One advantage of the notion of exemplarization is that it serves to explain how we can imagine zombies. Even if individual conscious qualities are physical qualities, we can think about them by exemplarizing them ostensively without generalizing further to conceive of them in the class of physical qualities. The fact that we can think of them, in terms of ostensive exemplarized concepts, without thinking of them as physical, does not demonstrate that they are not physical.

This much should be admitted to Fürst and to Stubenberg and Marek. Including our ostensive exemplarizations in more general conceptions of the physical is an extension of our conceptions of the physical to include more than the conceptions of present physics. How to do that is the scientific problem yet to be solved. It is, however, simply the problem of how to include experience in our representation of theory. Theoretical conceptions of the world that include ostensive exemplarizations must explain the function of individual qualities of experience in representation. I conjecture that they provide a special way of processing information about the physical world including the individual qualities of experience as a part of the world, but explaining that is a hard problem, and an unsolved scientific problem. Does that mean that it is not a philosophical problem? It is the most interesting scientific-philosophical question of the present stage of inquiry.

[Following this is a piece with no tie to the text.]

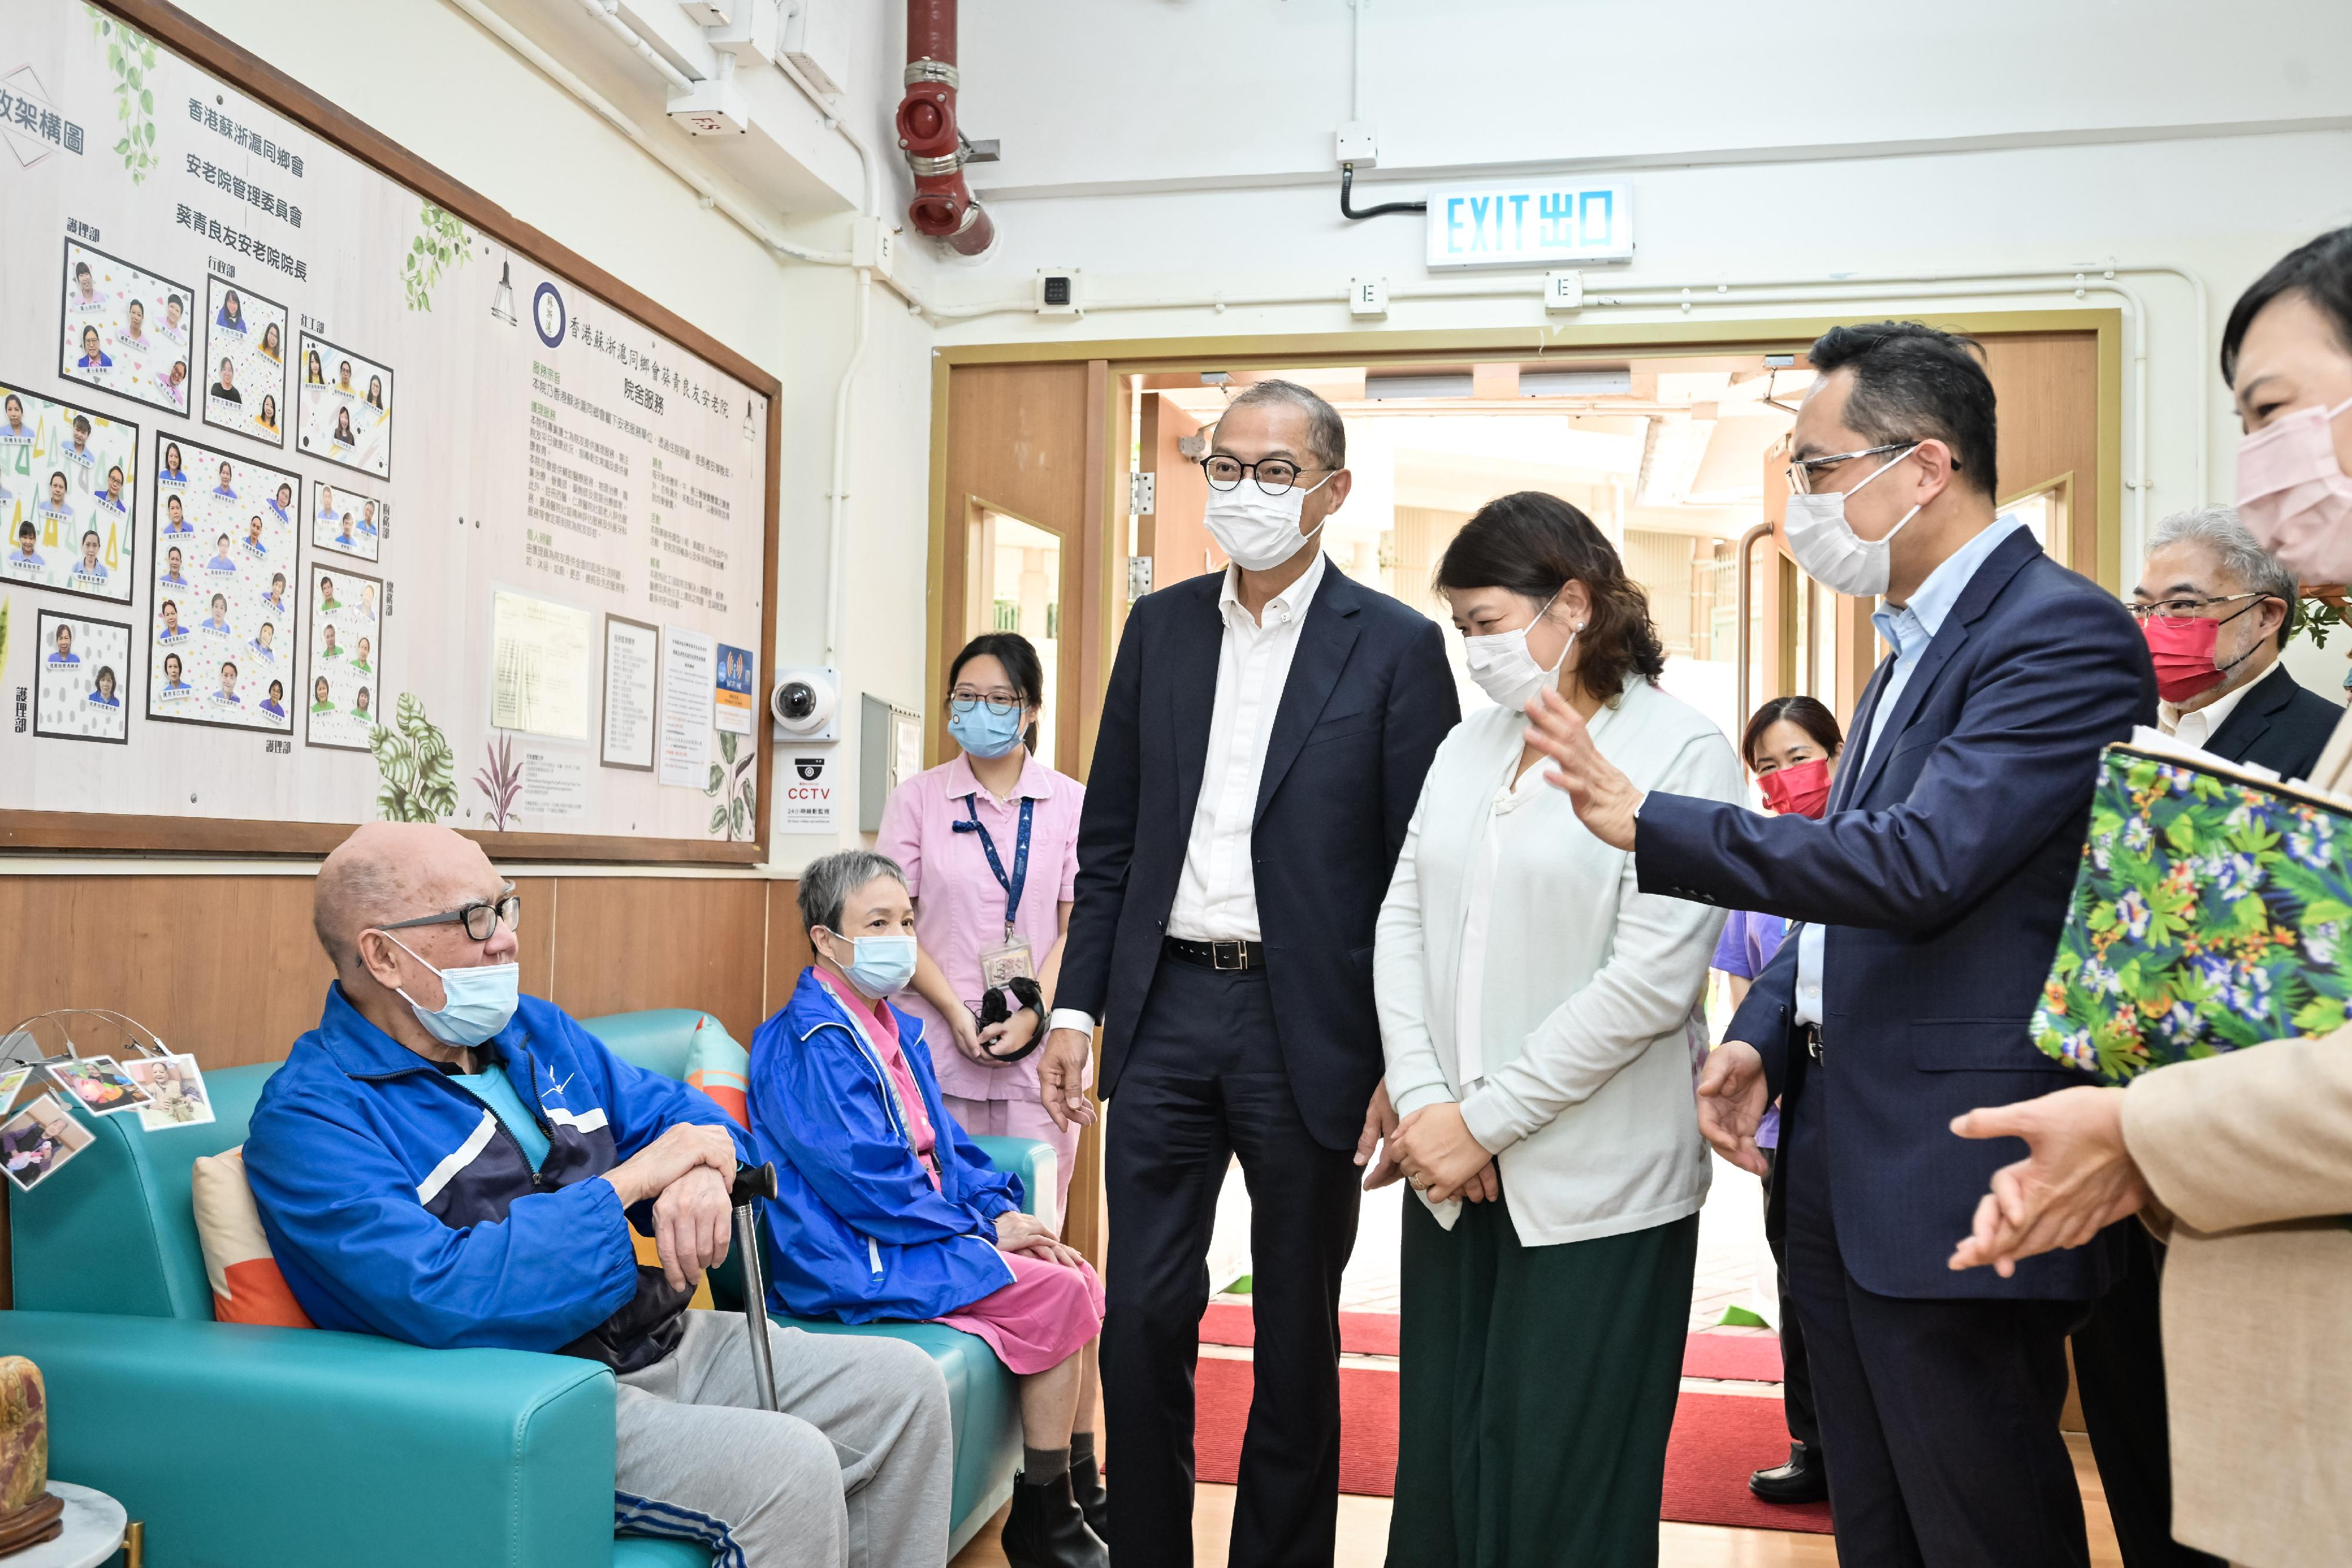 The Secretary for Health, Professor Lo Chung-mau, visited a residential care home for the elderly (RCHE) in Kwai Tsing District this afternoon (November 3) to get a better grasp of the basic dental care services provided to residents of RCHEs by outreach dental teams. Photo shows Professor Lo (fourth left); the Under Secretary for Health, Dr Libby Lee (fifth left); and the Director of Health, Dr Ronald Lam (third right), chatting with residents of the RCHE to listen to their views on the services.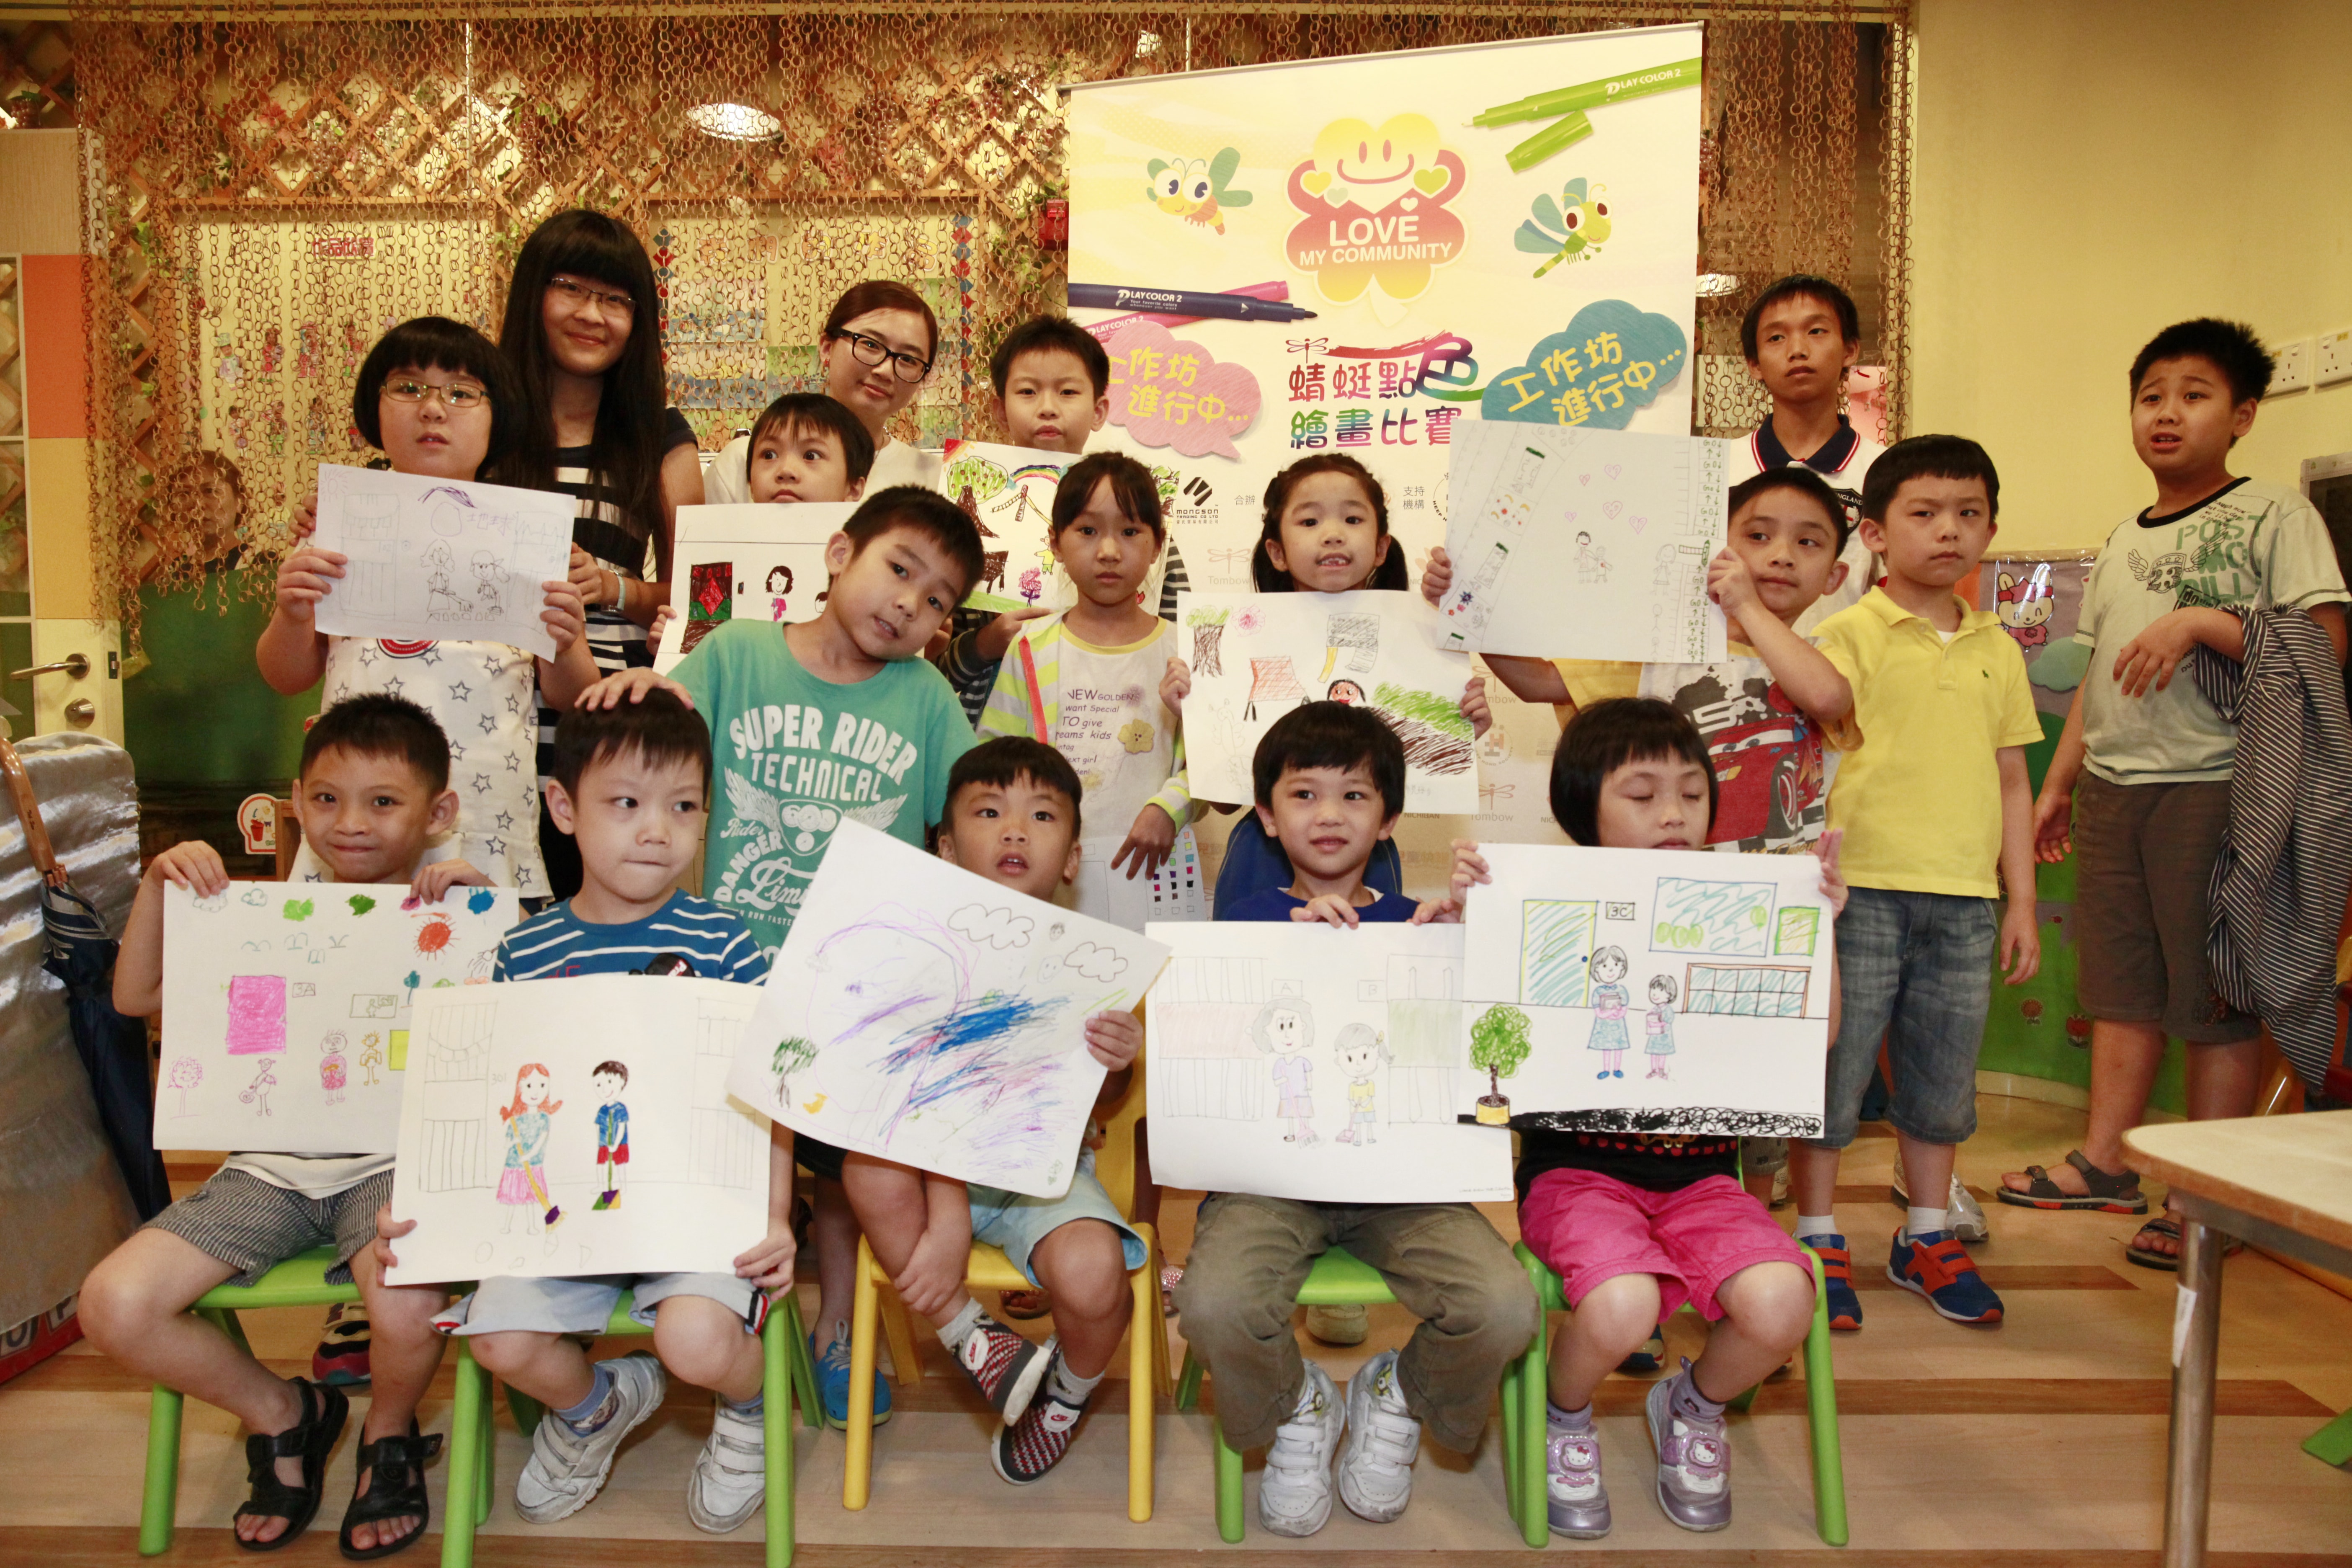 Mongson Trading Company Limited, Swiss Art Studio and Heep Hong Society jointly launched the ‘Love My Community’ Campaign in summer 2014.

5.4 Reply to Joseph Tolliver

I have profited from ongoing discussions with Tolliver for a long time and thank him for his illuminating and dogged attempts to make me improve my work and correct my errors. After a detailed and accurate account of exemplarization containing an enhancement of that I wrote about the special role of the exemplar as an exhibit of what it is used to represent in exemplar representation, Tolliver says,

Lehrer’s suggestion seems to be that some things cannot be represented in a way that fully conveys what they are like until they are experienced.

He amplifies this interpretation of my view contrasting it with the view that Mary has a new mode of presentation of just the same physical state completely represented by her antecedent physical description:

The position expressed above is different. Mary’s theory contains no representation of what her experience of red is like, at least none that represents it in its full particularity, none that represents it just so. Her experience is a physical/functional state, but no description can represent that state just so. So, Mary’s prior theory is not so much false as incomplete, and necessarily so, for no descriptive theory, materialist nor immaterialist, will do.

He adds,

The subject needs no prior notion of what the exemplarized experience is like to become aware of what it is like by means of the exemplar concept of that experience. (…) In being directly referring, exemplar concepts display the first characteristic of the ineffable: They are introduced as new subject matter (and vehicle) of thought or talk by mechanisms that exhibit them.

An important characteristic is lucidity:

Features of an experience that S fails to notice cannot be part of the application conditions for an exemplar concept that includes that experience, i.e., the application conditions for an exemplar concept cannot outstrip a user’s ability to exemplarize them.

With all this I agree and express my gratitude for the clarification of my position. This account of my position is an improvement I am happy to embrace. My only qualification is that I think that ostensive exemplar concepts, which are the directly referring and lucid ones, can become part of other concepts; they can add something to the representational character of the concepts of physical theory. I conclude that the addition is a representational looping conception that insures truth as it loops back onto itself, and, when added to the concepts of physical theory both elaborates the character of the physical in terms of individual qualities of experience and secures a truth connection of a representational vehicle of the physical theory.